Hurricane Sandy and its aftermath will hurt New York’s restaurants, but it has boosted car rental demand and will probably leave tour businesses relatively unscathed, members of the local hospitality industry reported last week.
As for its impact on hotel demand in the period leading up to the holiday season, however, the jury still appears to be out.
Few higher-end leisure travelers and business travelers looking for side excursions are changing their plans as a result of the storm, said Kitt Garrett, founder and CEO of the destination-management firm Discover New York and Beyond.
She added that her clients almost exclusively visit Manhattan and are far less likely to inquire about outlying boroughs or suburban areas, which were hit harder by the storm.
“The calls are still coming in,” Garrett said. “Obviously, there are still challenges from New Jersey and Long Island, but Manhattan is fine.”
Still, the storm caused more than a few headaches for a metropolitan area where officials had been hoping to beat last year’s record tourism numbers until swaths of lower Manhattan were shut down by flooding, power outages and no heat.
In 2011, New York attracted 50.9 million visitors. Earlier this year, NYC & Company, the city’s tourism board, set a goal to boost that annual number to 55 million by 2015.
But that effort might be set back by the nearly 20,000 Sandy-related flight cancellations at New York’s three major airports, which saw another 1,100 flights canceled last week as a nor’easter bore down on the area.
For the owners of New York’s approximately 25,000 food-and-beverage establishments, demand was far less of an issue than supplies of food and the absence of workers hamstrung by local transportation issues.

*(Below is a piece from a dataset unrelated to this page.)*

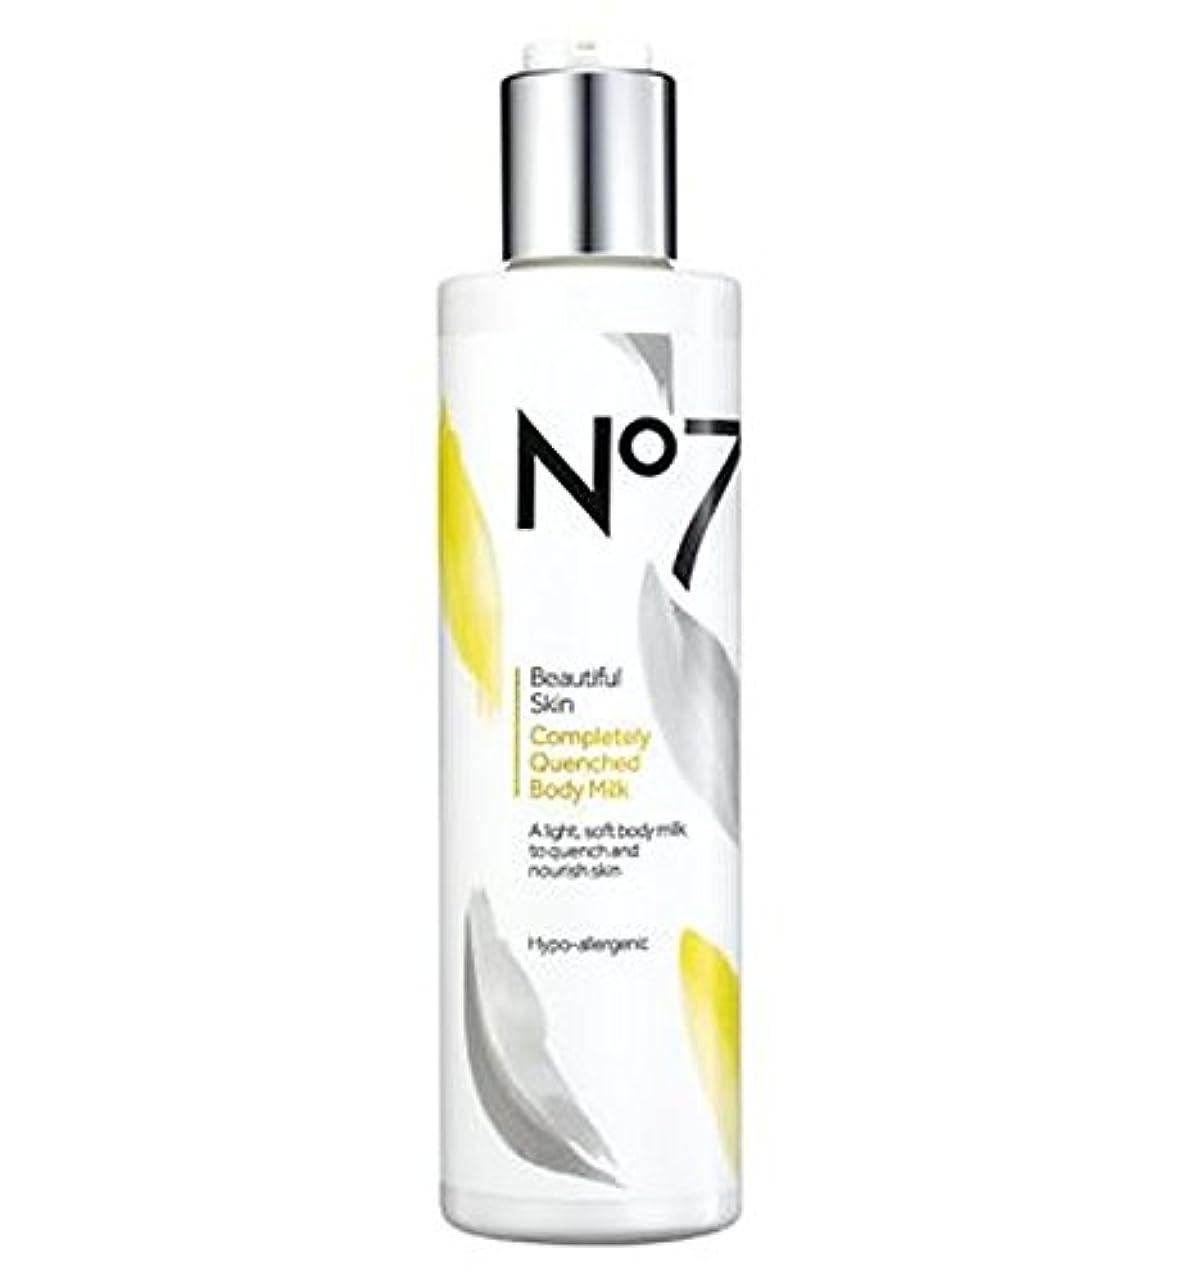 動物園天使想起No7 Beautiful Skin Completely Quenched Body Milk - No7美しい肌完全に急冷ボディミルク (No7) [並行輸入品]

Restaurants that lost power were forced to toss inventory, according to Andrew Moesel, spokesman for the New York State Restaurant Association.

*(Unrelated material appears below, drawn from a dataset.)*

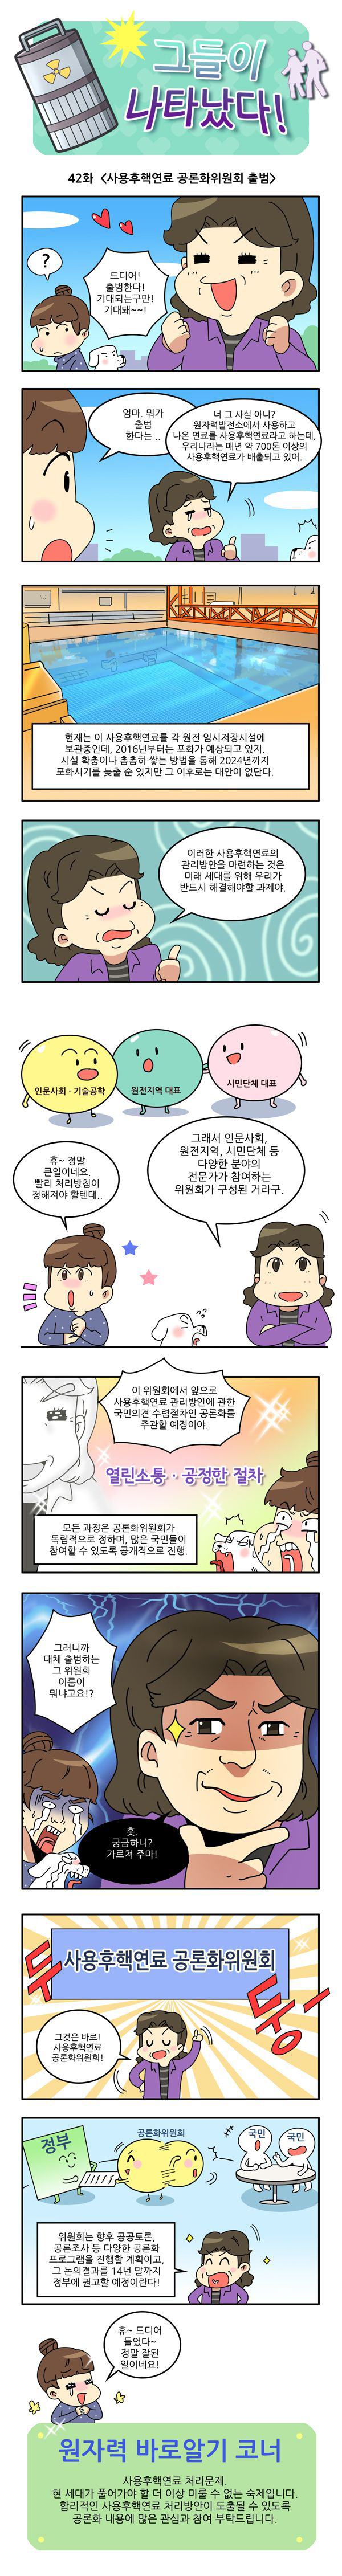 42화 사용후핵연료 공론화위원회 출범.jpg

He added that local fuel shortages also made food deliveries a problem. “And if you were closed all of last week, you lost a huge amount of money,” he said.
As for the country’s fifth-largest hotel market, analysts were split on Sandy’s impact. For the week ended Nov. 3, occupancy at New York hotels fell 7.3% from a year earlier, to 80.5%, while rates were almost unchanged, according to Smith Travel Research.
The effect of flight cancellations was partially offset by the boost in room demand from emergency workers, insurance adjusters, stranded travelers and, later in the week, runners who had traveled to the city for the New York City Marathon, which was canceled less than 48 hours before the start of the race.
As for the longer-term effects, STR Senior Vice President Jan Freitag maintained that demand will return to normalcy fairly quickly as flight schedules straighten out and leisure and business travelers resume their travel habits.
Bjorn Hanson, divisional dean of New York University’s school of tourism and hospitality management, took a more pessimistic view of the situation.
Hanson said that the substantial advance warning of Sandy caused enough business-meeting cancellations to put a dent in what has generally been a busy fourth-quarter lodging season for New York.
What’s less in dispute is the storm’s effect on New York-area car rental demand, for which the storm was something of a boon, especially for companies with large off-airport networks, like Enterprise Holdings.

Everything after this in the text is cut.